Is there a simple rule-of-thumb to calculate the off-set with guide bushing diameters/router bit combinations?

Colonel


----------



## Quillman (Aug 16, 2010)

1/2 the diameter of the ring = the distance to the centerline of the cutter, any cutter.


----------



## jschaben (Jun 21, 2009)

Colonel said:


> Is there a simple rule-of-thumb to calculate the off-set with guide bushing diameters/router bit combinations?
> 
> Colonel


Bushing Diameter - Bit diameter / 2 = offset


----------



## dutchman 46 (May 23, 2007)

I think John has the good answer. The goal is to have it stand perfect all the way around, If You have achieved that, then there is nothing else to do! The difference in dimensions from bushing to the cut can be calculated for Your different bits, if You are good with math


----------



## sourdough (Jan 31, 2010)

Several years ago I saw a great chart that, while a bit complicated at first glance, showed a large number of bit/guide combinations and what the offsets were.
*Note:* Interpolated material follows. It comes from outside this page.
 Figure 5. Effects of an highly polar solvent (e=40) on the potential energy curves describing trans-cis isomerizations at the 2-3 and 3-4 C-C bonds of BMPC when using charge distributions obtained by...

I thought I had set it aside someplace but of course, my poor brain is so filled with information gathered over more than 70 years that some of it falls out my ears. Alas, I cannot find the chart. It was VERY handy.
I have to keep this stuff VERY simple.
Maybe someone knows the chart I refer to.


----------



## bobj3 (Jan 17, 2006)

Hi

This one maybe

=======



sourdough said:


> Several years ago I saw a great chart that, while a bit complicated at first glance, showed a large number of bit/guide combinations and what the offsets were. I thought I had set it aside someplace but of course, my poor brain is so filled with information gathered over more than 70 years that some of it falls out my ears. Alas, I cannot find the chart. It was VERY handy.
> I have to keep this stuff VERY simple.
> Maybe someone knows the chart I refer to.


----------



## dutchman 46 (May 23, 2007)

:no::nhl_checking:Your going to have to add more memory to the old computer! Anyway, that's what My wife says. I could not take Her telling Me anymore that My hard drive was fried! Ha Ha, You say that so well!:dance3:


----------



## sourdough (Jan 31, 2010)

That's the one Bob. Mine was full page and laminated and I have no idea where I got it but it IS handy at times.
Thanks. I'm guessing some of the folks will get some use.


----------



## bobj3 (Jan 17, 2006)

Hi Warren

Your Welcome
So many make so hard and the chart makes it so easy, I have posted it many times but Rebel a member of the forum made the chart back in 2006 I think, just a pass it on thing for me. 


========



sourdough said:


> That's the one Bob. Mine was full page and laminated and I have no idea where I got it but it IS handy at times.
> Thanks. I'm guessing some of the folks will get some use.


----------



## Joe Lyddon (Sep 11, 2004)

jschaben said:


> Bushing Diameter - Bit diameter / 2 = offset


*Just to clarify...*

Bushing Diameter - Bit diameter / 2 = offset

Bushing Diameter (BUD) = 1"
Bit diameter (BIT) = .5"

*This **A*: *OFFSET = (BUD - BIT) / 2*
1 - .5 = .5
.5 / 2 = *.25 ?*

*Or This** B*: *OFFSET = BUD - BIT / 2* same as *OFFSET = BUD - (BIT / 2)*
.5 / 2 = .25 *(Divide is done first... like Computers & Spreadsheets do it)*
1 - .25 = *.75 ?*

*?????*


----------



## jschaben (Jun 21, 2009)

Joe Lyddon said:


> *Just to clarify...*
> 
> Bushing Diameter - Bit diameter / 2 = offset
> 
> ...


Hi Joe - Would be option A, my bad, should have put parens in.


----------



## Joe Lyddon (Sep 11, 2004)

jschaben said:


> Hi Joe - Would be option A, my bad, should have put parens in.



John,

Thank you very much... I figured it would be that way... but had to clarify in case some of us wanted to use the formula in a Spreadsheet and would NOT want them banging their heads against the wall trying to get the correct answers... :dance3:


----------



## harrysin (Jan 15, 2007)

Colonel said:


> Is there a simple rule-of-thumb to calculate the off-set with guide bushing diameters/router bit combinations?
> 
> Colonel


To make a template to rout the inside of a box like this the simple formula is:

Diameter of the chosen template guide minus the diameter of the chosen bit, plus the size of the finished recess.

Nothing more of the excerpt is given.